### [Problem]
All of the lines below need to be copied exactly, apart from the pictures.

--- Given material ---

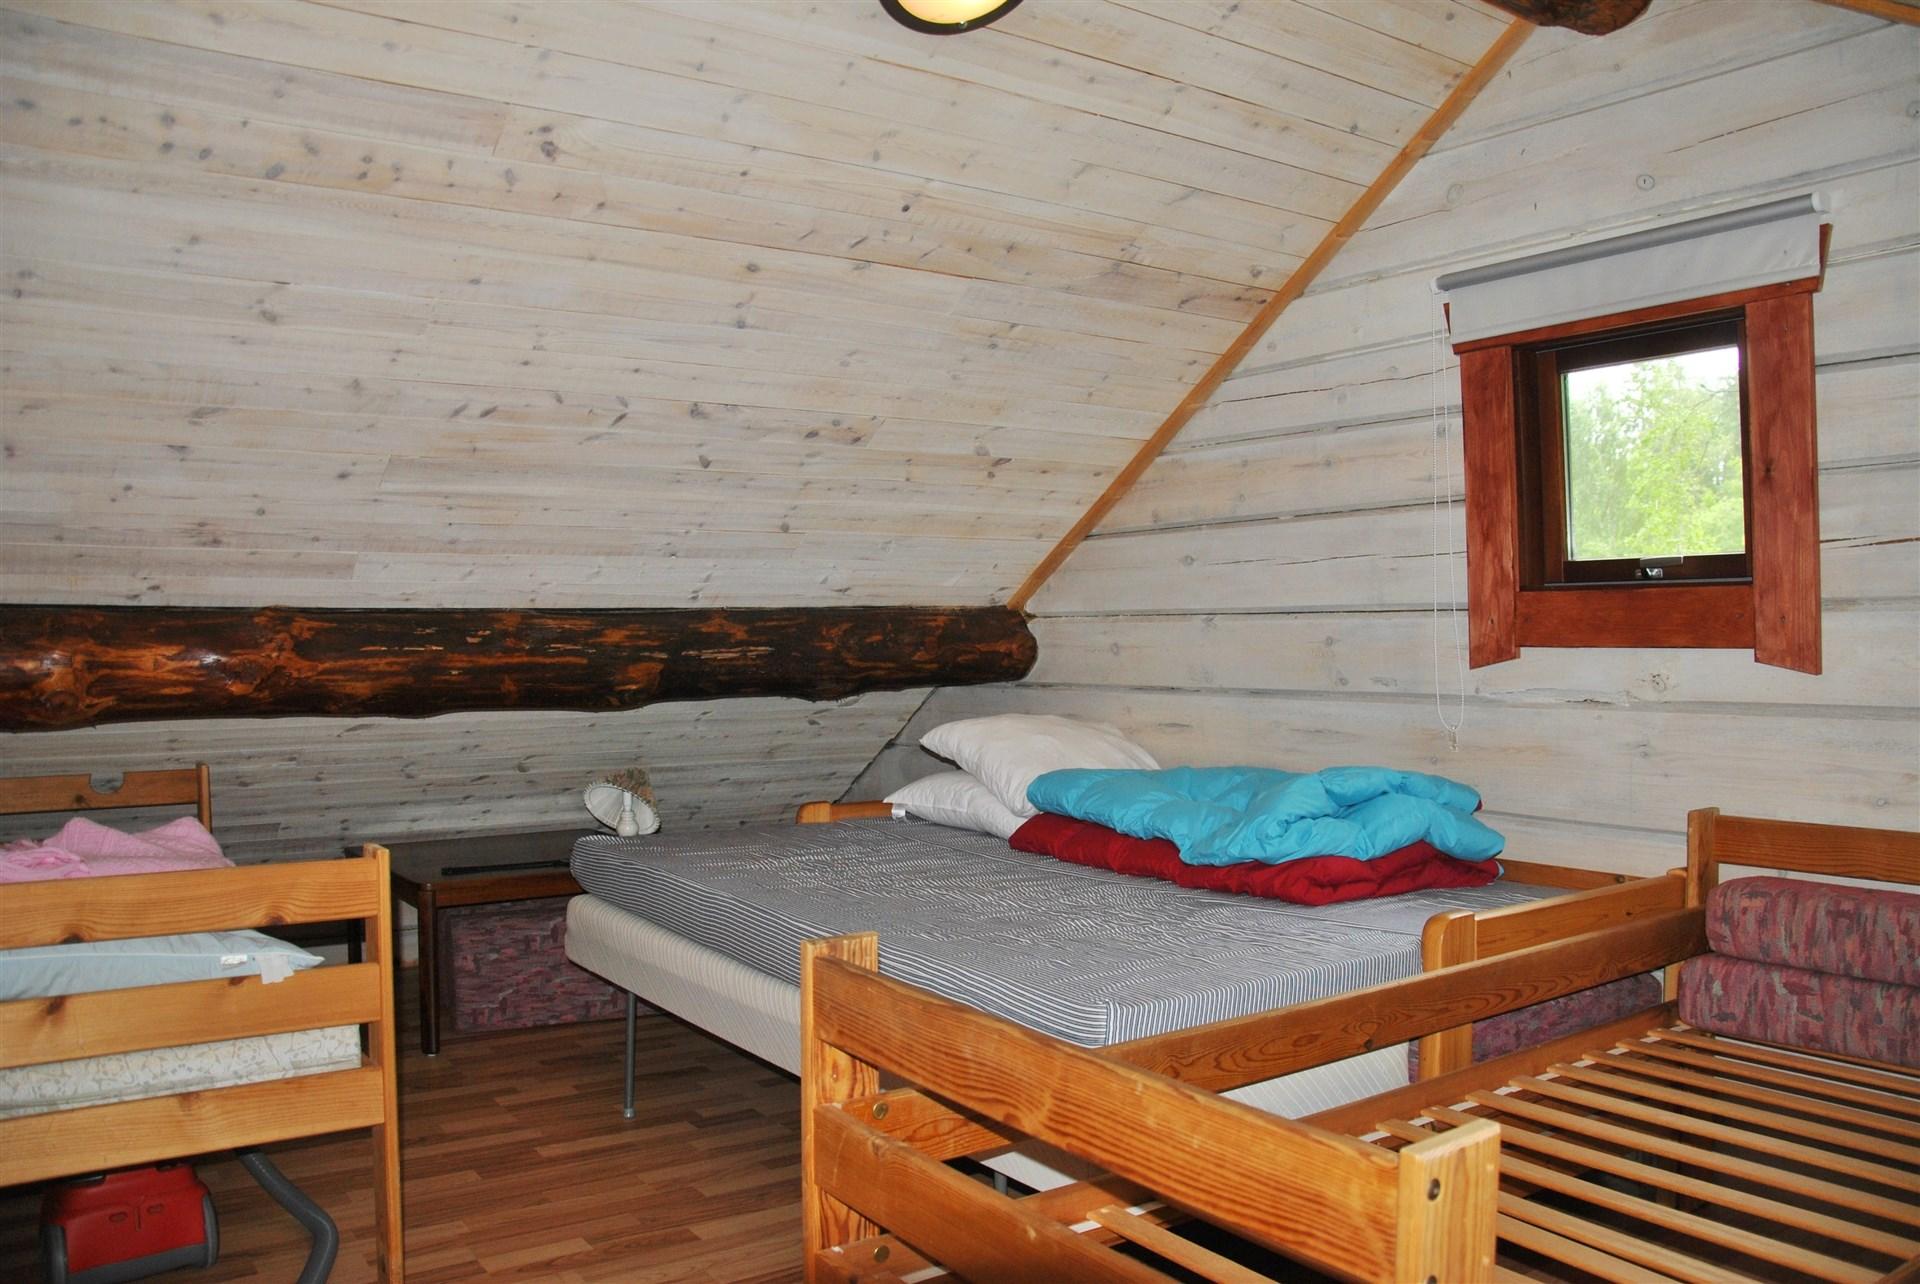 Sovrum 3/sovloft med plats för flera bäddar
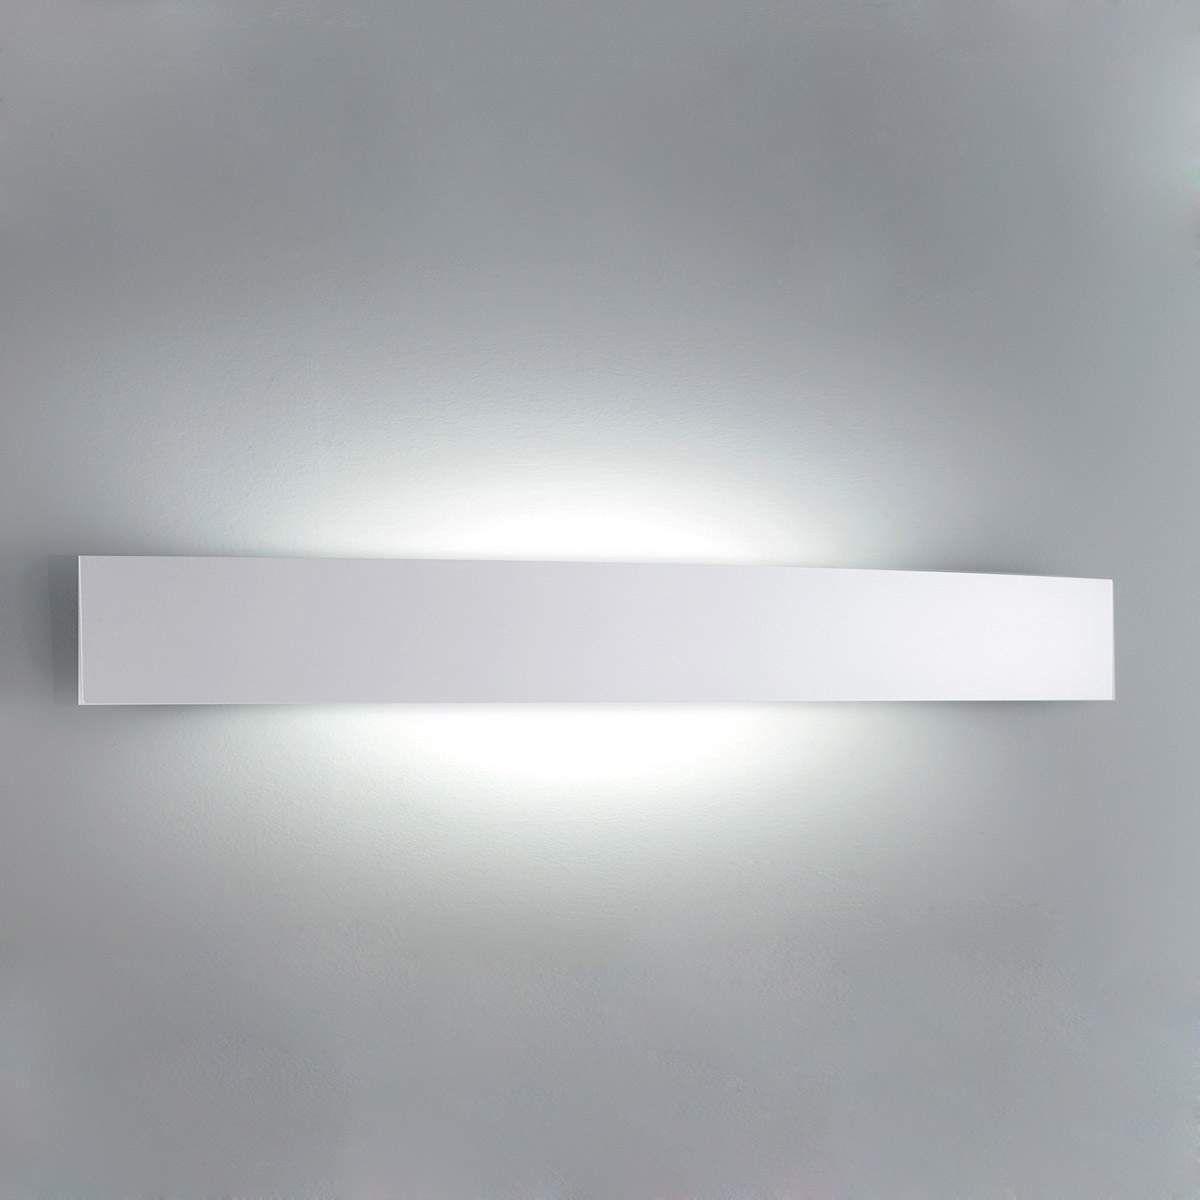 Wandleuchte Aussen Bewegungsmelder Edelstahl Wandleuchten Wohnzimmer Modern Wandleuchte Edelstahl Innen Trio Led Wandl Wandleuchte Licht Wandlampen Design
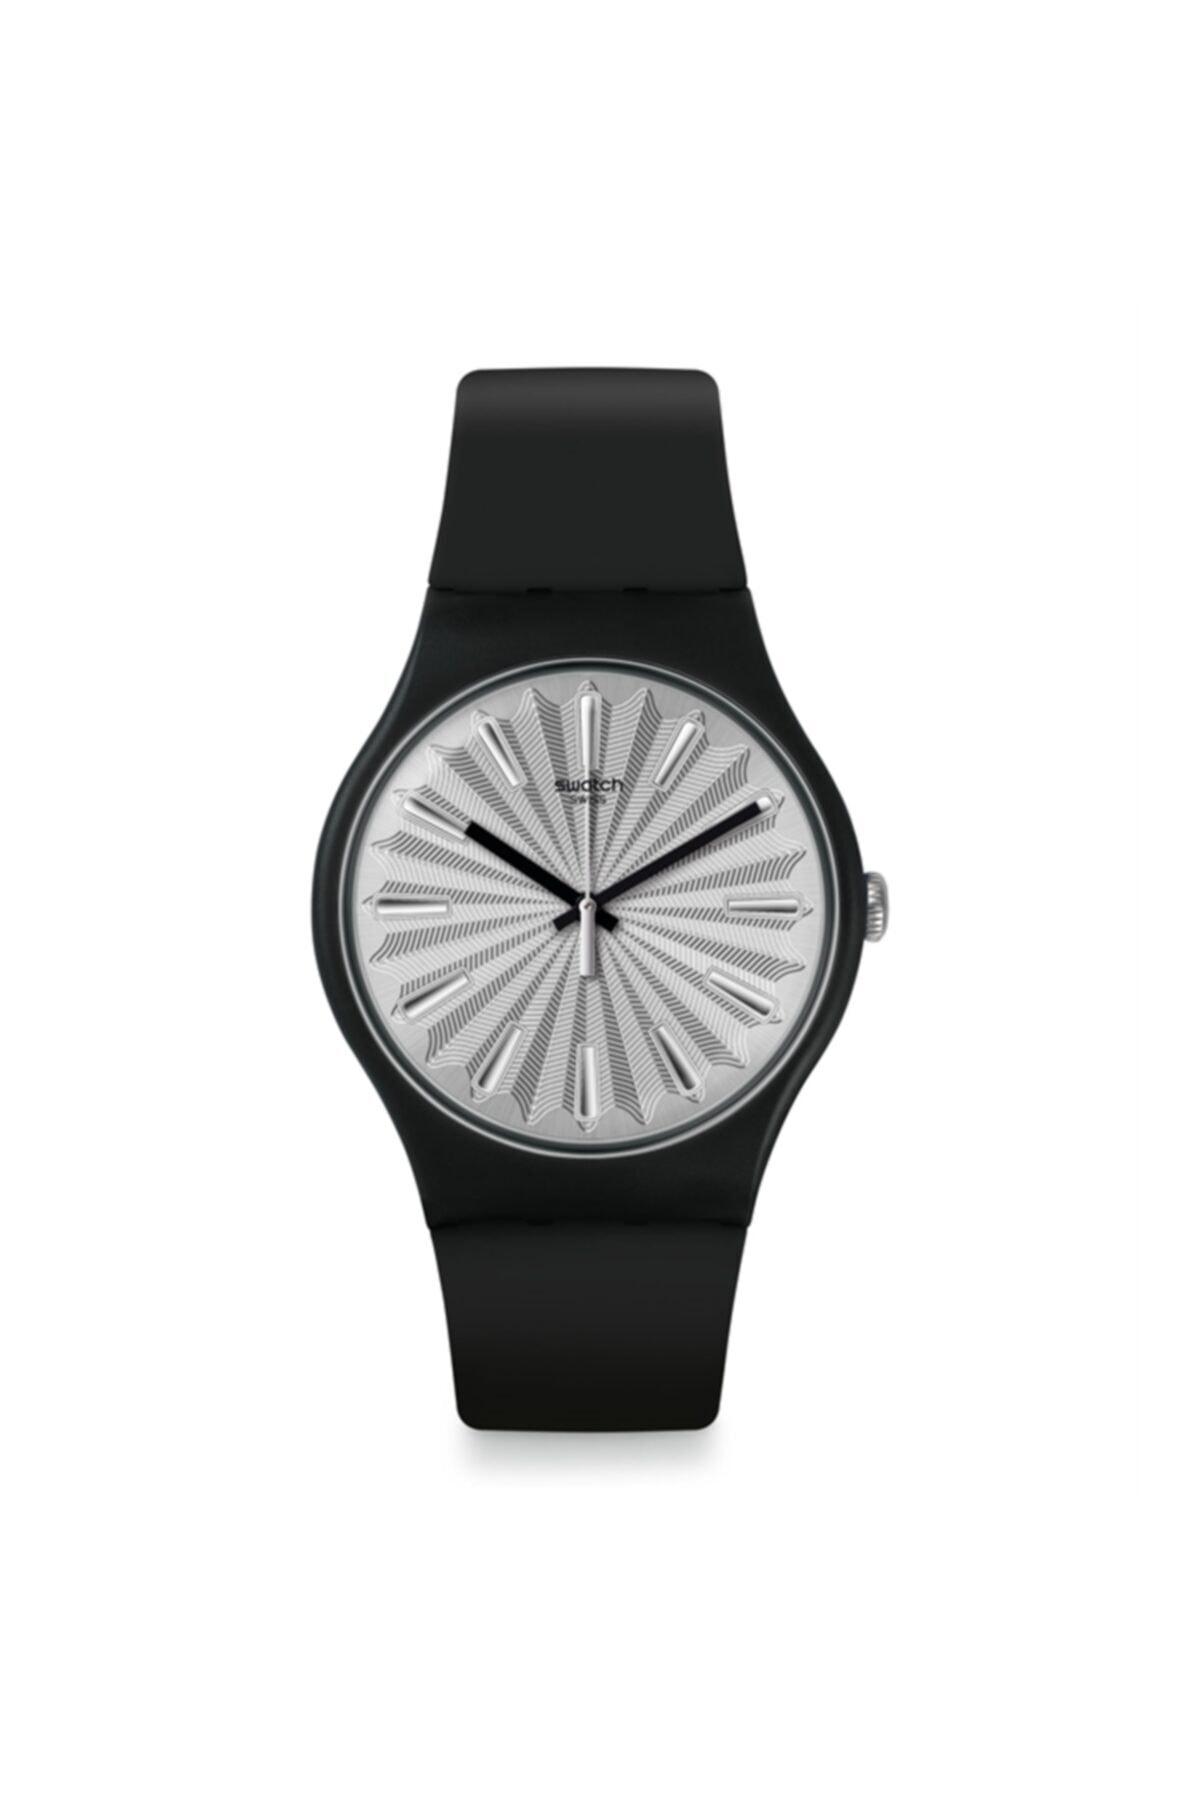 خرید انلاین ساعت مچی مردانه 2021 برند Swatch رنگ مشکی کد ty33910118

---

### [Your response]
 Sovrum 3/sovloft med plats för flera bäddar
 Wandleuchte Aussen Bewegungsmelder Edelstahl Wandleuchten Wohnzimmer Modern Wandleuchte Edelstahl Innen Trio Led Wandl Wandleuchte Licht Wandlampen Design
 خرید انلاین ساعت مچی مردانه 2021 برند Swatch رنگ مشکی کد ty33910118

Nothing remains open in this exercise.